If an online volunteering role does warrant some degree of screening – and not all do, but most do – then you have to decide how much there will be, and how it will be conducted. First and foremost is that you must follow the law. For instance, many states require a criminal background check on any volunteers that will work with children one-on-one. A volunteer who will come to a classroom one time to speak about his or her job may not be required by law to undergo a criminal background check, but someone who will talk with a child, one-on-one, even if they will always be in a room with other adults and children, probably is required by law to undergo such – apply the same principles to online volunteers in determining what screening is required. Should the online volunteering candidate be interviewed? If the person is new and is doing any task that requires at least some expertise – web page development, translating text from one language to another, moderating an online discussion group, designing a newsletter, editing a brochure, etc. – yes, absolutely! Many more tips for screening online volunteers to ensure they really can do the task that they have signed up for, and have the time to do so, can be found in The LAST Virtual Volunteering Guidebook.

My favorite resource on screening volunteers, online or offline, that will work with clients in any capacity, is free to download: Screening Volunteers to Prevent Child Sexual Abuse: A Community Guide for Youth Organizations. Point one under the section on what to do before the organization starts screening volunteers is this: “Develop criteria that define how screening information will be used to determine an applicant’s suitability.” That will be different for every organization, depending on their mission and the work volunteers will do. You have to think about not only worst-case scenarios – screening out people that might sexually and/or financially-exploit clients, other volunteers, etc. – but also about people who don’t have the skills necessary for the work, people who don’t have the temperament for the challenges, and people who really don’t have time to volunteer, as all of those scenarios, while not criminal, can be harmful to your organization and those it serves.

You also have to clearly define what behavior is inappropriate on the part of online volunteers, how you will communicate that to volunteers, the consequences of inappropriate behavior, and how you are going to be aware of such behavior. As we note in the guidebook, a way to absolutely ensure safety in online interactions between volunteers and clients is to set up a private sys­tem through which all messages are sent, reviewed by staff before they can be read by the intended recipient, stripped of all personal identifying information by the moderator, archived for the record, etc., but that such a system can ruin an attempt to create trusting, caring relationships between volunteers and clients (and we provide a powerful example of how such a super-safe system ended up almost derailing an online mentoring program).
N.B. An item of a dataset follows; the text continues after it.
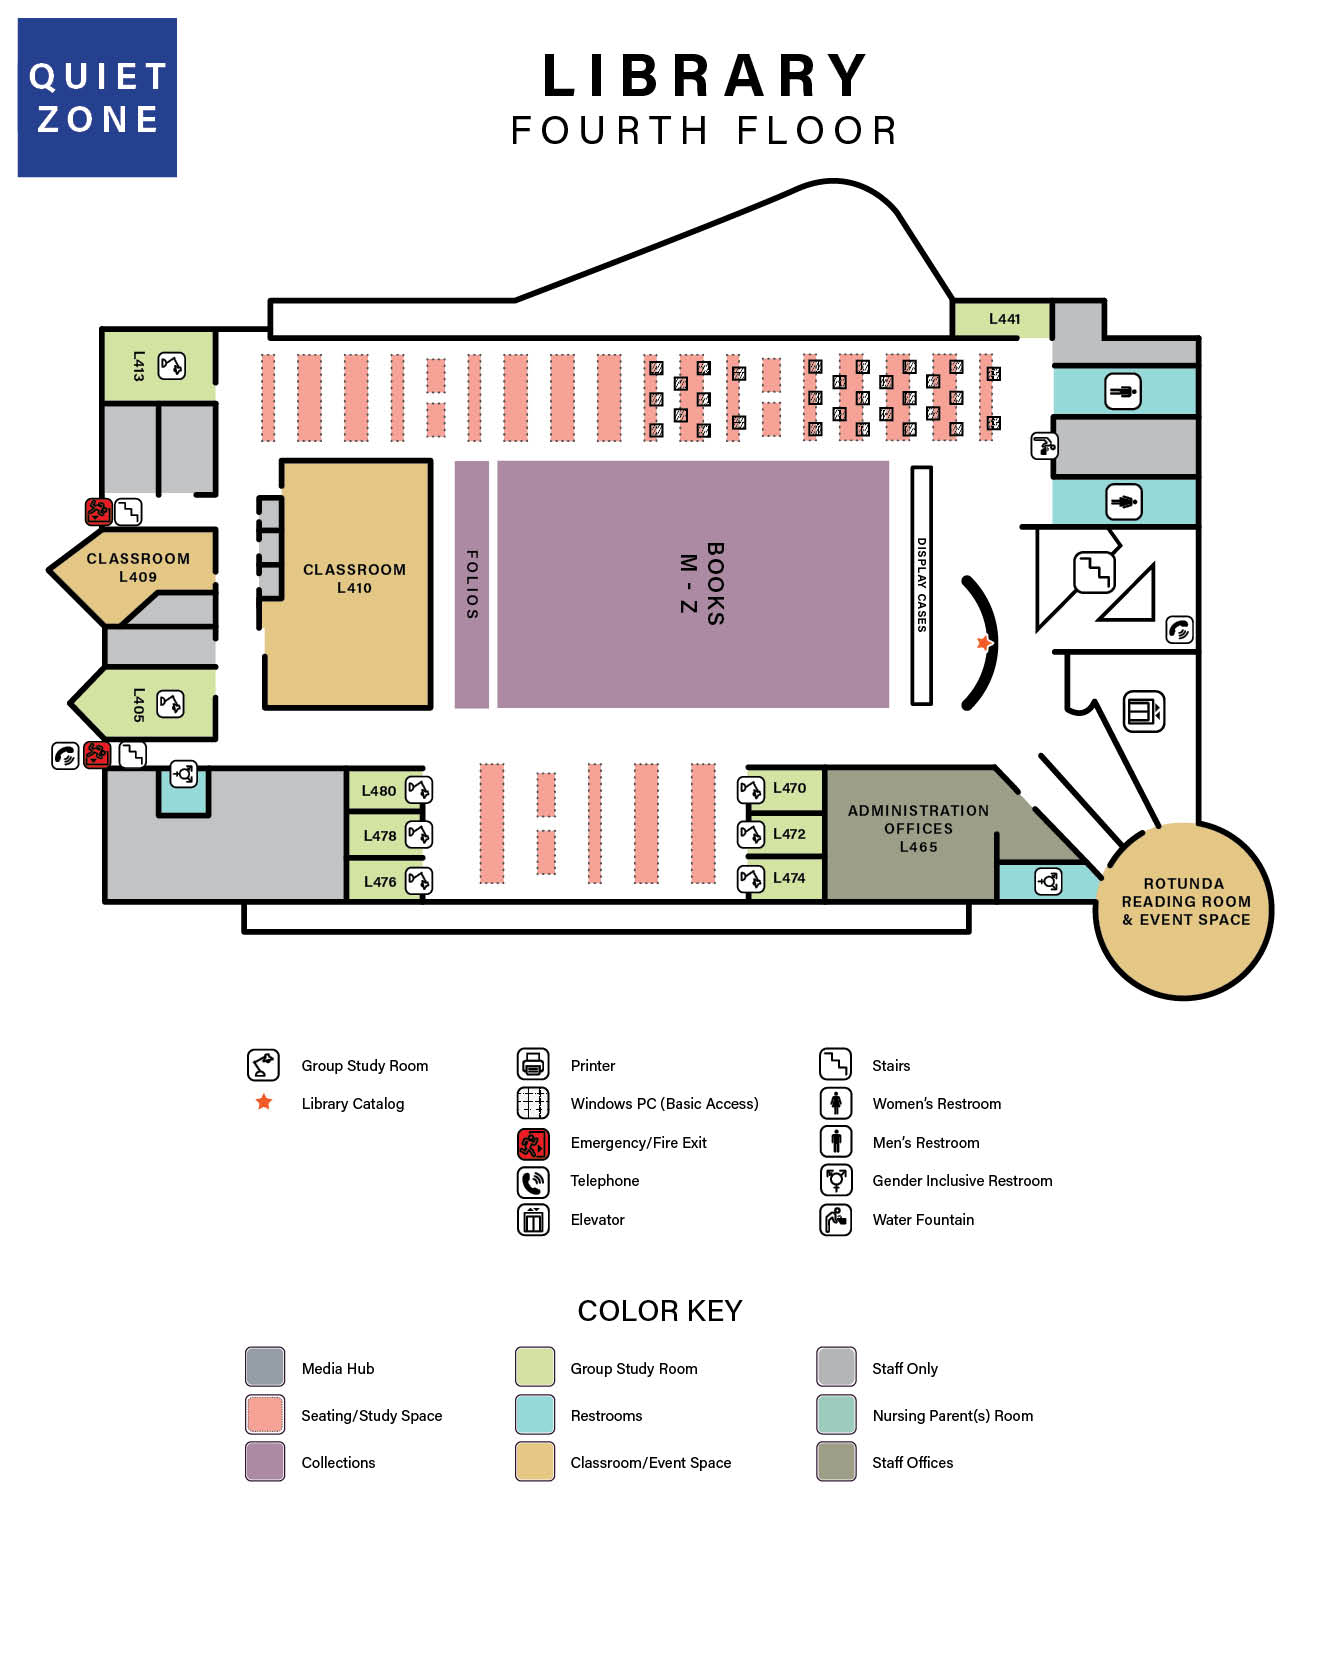 a floor map of of the library fourth floor, which shows room numbers, and space names, and also includes information such as stairwell access, emergency exits, bathrooms, etc.

Your efforts to ensure safety must balance with your program goals.

Among the many suggestions we make in The LAST Virtual Volunteering Guidebook, regarding online safety is this:

The best way to ensure that clients and vol­unteers are having positive online experiences is for program staff to stay in frequent touch with both, to encourage an atmosphere of open communication. Also, it is fundamental that you establish and clearly (and frequently) communicate policies regarding online exchanges between volunteers and clients. (page 114)
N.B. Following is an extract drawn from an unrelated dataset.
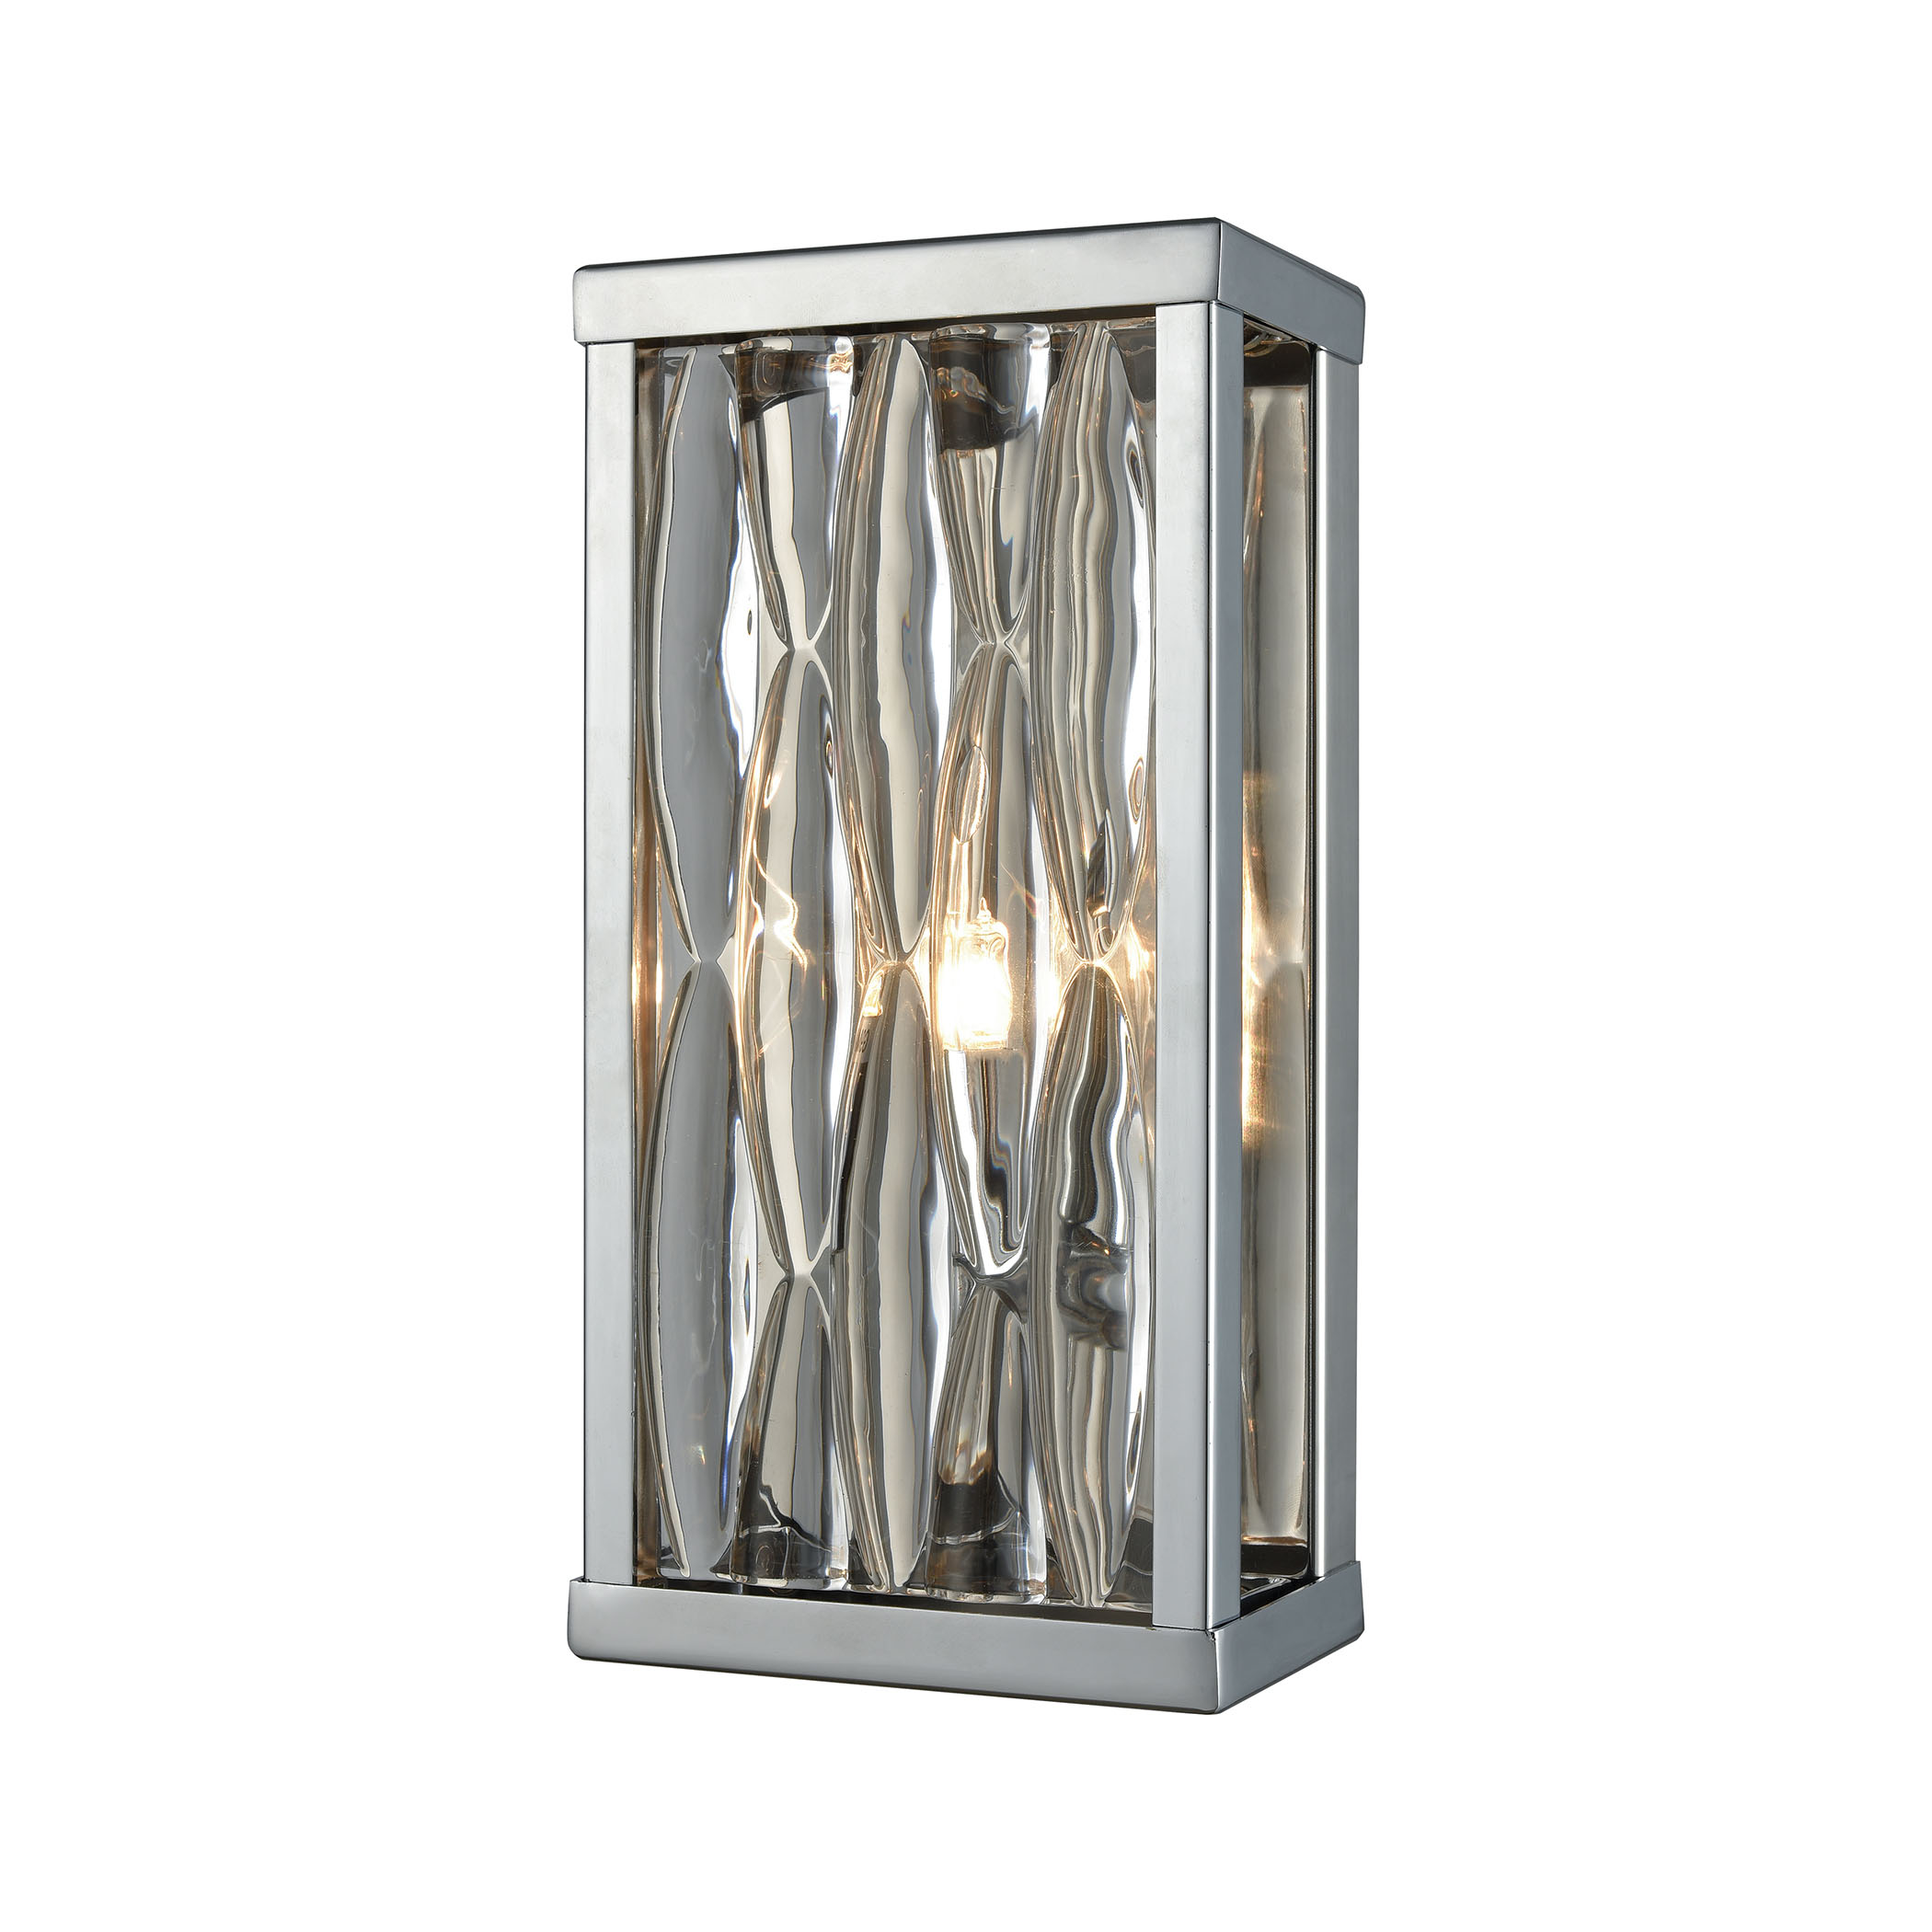 Riverflow 1 Light Vanity in Polished Chrome with Stacked River Stone Glass

Clearly, explicitly inform applicants for volunteering about your organization’s policies and procedures regarding safety, abuse prevention, and all aspects of risk management, as well as circumstances that would lead to a volunteer being dismissed. Be explicit. Also share your code of conduct or statement of ethics in writing. Ask applicants if they have a problem with any of the policies and procedures, code of ethics, etc.; such a discussion will help you find out if applicants are uncomfortable with any aspect of such, which can be an indicator that they are an inappropriate candidate. Even though it is not legally binding, require applicants to sign a document that states they understand and agree to adhere to your policies and procedures and code of conduct; again, this can help you find out if an applicant is uncomfortable with any aspect of such, which can be an indicator that they are an inappropriate candidate. It also affirms to volunteers that you make the safety of your volunteers, staff and clients a priority, which can encourage new volunteers to take such precautions with the utmost seriousness.

vvbooklittleThere are lots more suggestions and specifics about risk management, online safety, ensuring client confidentiality and setting boundaries for relationships in virtual volunteering in The LAST Virtual Volunteering Guidebook, available both as a traditional printed book and as a digital book. Suggestions for risk management are found throughout the book, in the chapters regarding developing and revising policies, designing assignments for online volunteers, interviewing and screening online volunteers, orienting and training online volunteers, basic techniques for working with online volunteers, and online volunteers working directly with clients, as well as the chapter written for online volunteers themselves. Our advice is based on both virtual volunteering practices, including micro volunteering and crowdsourcing, and the proven fundamentals of onsite, face-to-face, traditional volunteer management.

Also see:

Keeping volunteers safe – & keeping everyone safe with volunteers

Why don’t they tell? Would they at your org?

With volunteers, see no evil?

Safety of volunteers contributes to a shelter closing

volunteer managers: you are NOT psychic!

Photos & videos by & of volunteers online – privacy issues?

April 13, 2020 Update: Another new video! I lead virtual volunteering workshops in the 1990s & got big pushback from nonprofits asserting that an online program could never be safe. Now, many programs are launching brand new virtual volunteering programs, bringing online volunteers together with people in senior living homes, or with teens, and on and on. And that change is great, however, these programs need to think about safety! My newest video has more info and is about five-minutes long.

November 16, 2020: The UK Safer Internet Centre is where you can find online safety tips, advice and resources to help children and young people stay safe online. Excellent resource not just for programs in the UK, but ANYWHERE – especially online mentoring, online tutoring and online visiting program where volunteers will assist remote clients.

2021 updates:

Safety in Service Delivery/Client Support by Online Volunteers. Includes guidance regarding online meetings.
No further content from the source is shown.